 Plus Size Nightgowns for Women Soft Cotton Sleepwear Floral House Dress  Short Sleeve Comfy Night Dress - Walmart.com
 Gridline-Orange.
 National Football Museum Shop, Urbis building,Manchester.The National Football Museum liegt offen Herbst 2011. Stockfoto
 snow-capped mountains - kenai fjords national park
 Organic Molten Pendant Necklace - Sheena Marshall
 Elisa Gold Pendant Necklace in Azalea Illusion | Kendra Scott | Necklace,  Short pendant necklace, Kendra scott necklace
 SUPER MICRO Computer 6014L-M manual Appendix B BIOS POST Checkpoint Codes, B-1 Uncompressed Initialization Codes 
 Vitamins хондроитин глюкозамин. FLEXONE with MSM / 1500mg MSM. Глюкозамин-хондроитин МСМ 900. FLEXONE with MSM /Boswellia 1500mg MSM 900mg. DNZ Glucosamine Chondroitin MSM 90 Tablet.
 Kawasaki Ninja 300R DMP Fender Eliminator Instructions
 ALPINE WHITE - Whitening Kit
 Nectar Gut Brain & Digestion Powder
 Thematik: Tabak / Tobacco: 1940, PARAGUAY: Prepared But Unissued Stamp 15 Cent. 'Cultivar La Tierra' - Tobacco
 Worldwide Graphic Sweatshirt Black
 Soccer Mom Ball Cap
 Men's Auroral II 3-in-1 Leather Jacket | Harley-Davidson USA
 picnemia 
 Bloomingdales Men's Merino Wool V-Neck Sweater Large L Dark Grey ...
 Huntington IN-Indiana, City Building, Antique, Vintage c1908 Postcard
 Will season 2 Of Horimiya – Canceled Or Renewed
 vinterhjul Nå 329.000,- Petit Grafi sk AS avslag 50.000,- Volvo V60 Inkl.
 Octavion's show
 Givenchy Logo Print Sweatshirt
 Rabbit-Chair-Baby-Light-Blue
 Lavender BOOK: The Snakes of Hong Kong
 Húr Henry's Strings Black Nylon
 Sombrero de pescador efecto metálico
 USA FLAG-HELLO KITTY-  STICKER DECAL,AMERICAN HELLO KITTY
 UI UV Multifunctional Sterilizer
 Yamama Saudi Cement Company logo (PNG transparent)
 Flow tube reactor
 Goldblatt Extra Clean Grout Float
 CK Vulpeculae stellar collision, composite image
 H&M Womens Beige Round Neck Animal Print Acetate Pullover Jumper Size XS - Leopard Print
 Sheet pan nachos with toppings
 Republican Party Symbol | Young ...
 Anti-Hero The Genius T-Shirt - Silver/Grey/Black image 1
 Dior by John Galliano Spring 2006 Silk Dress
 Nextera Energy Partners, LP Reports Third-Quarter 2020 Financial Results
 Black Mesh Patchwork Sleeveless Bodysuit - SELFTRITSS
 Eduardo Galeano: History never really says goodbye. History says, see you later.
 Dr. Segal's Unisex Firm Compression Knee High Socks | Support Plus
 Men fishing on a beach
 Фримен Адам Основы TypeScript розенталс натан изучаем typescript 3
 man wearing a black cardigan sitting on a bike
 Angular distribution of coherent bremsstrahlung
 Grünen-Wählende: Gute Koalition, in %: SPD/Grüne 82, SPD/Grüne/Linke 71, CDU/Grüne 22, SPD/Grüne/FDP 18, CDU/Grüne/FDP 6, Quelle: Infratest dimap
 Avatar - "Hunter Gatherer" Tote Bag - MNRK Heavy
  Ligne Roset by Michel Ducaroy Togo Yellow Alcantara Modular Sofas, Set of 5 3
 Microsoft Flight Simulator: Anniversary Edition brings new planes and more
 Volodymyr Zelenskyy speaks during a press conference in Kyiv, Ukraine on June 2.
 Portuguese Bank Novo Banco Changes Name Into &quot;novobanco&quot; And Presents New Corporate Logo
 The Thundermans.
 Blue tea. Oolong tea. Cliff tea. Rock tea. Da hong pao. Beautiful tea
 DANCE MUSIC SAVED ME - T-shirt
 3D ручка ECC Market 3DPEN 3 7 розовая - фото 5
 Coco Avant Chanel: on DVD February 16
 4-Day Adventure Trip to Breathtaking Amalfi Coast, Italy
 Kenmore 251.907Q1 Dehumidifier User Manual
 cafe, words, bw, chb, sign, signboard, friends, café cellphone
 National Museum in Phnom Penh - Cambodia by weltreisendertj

- DIRECTIONS: Every line of the listing that includes the word "Blue" must be copied.

- SOLUTION FOR THIS EXERCISE:
 Rabbit-Chair-Baby-Light-Blue
 Blue tea. Oolong tea. Cliff tea. Rock tea. Da hong pao. Beautiful tea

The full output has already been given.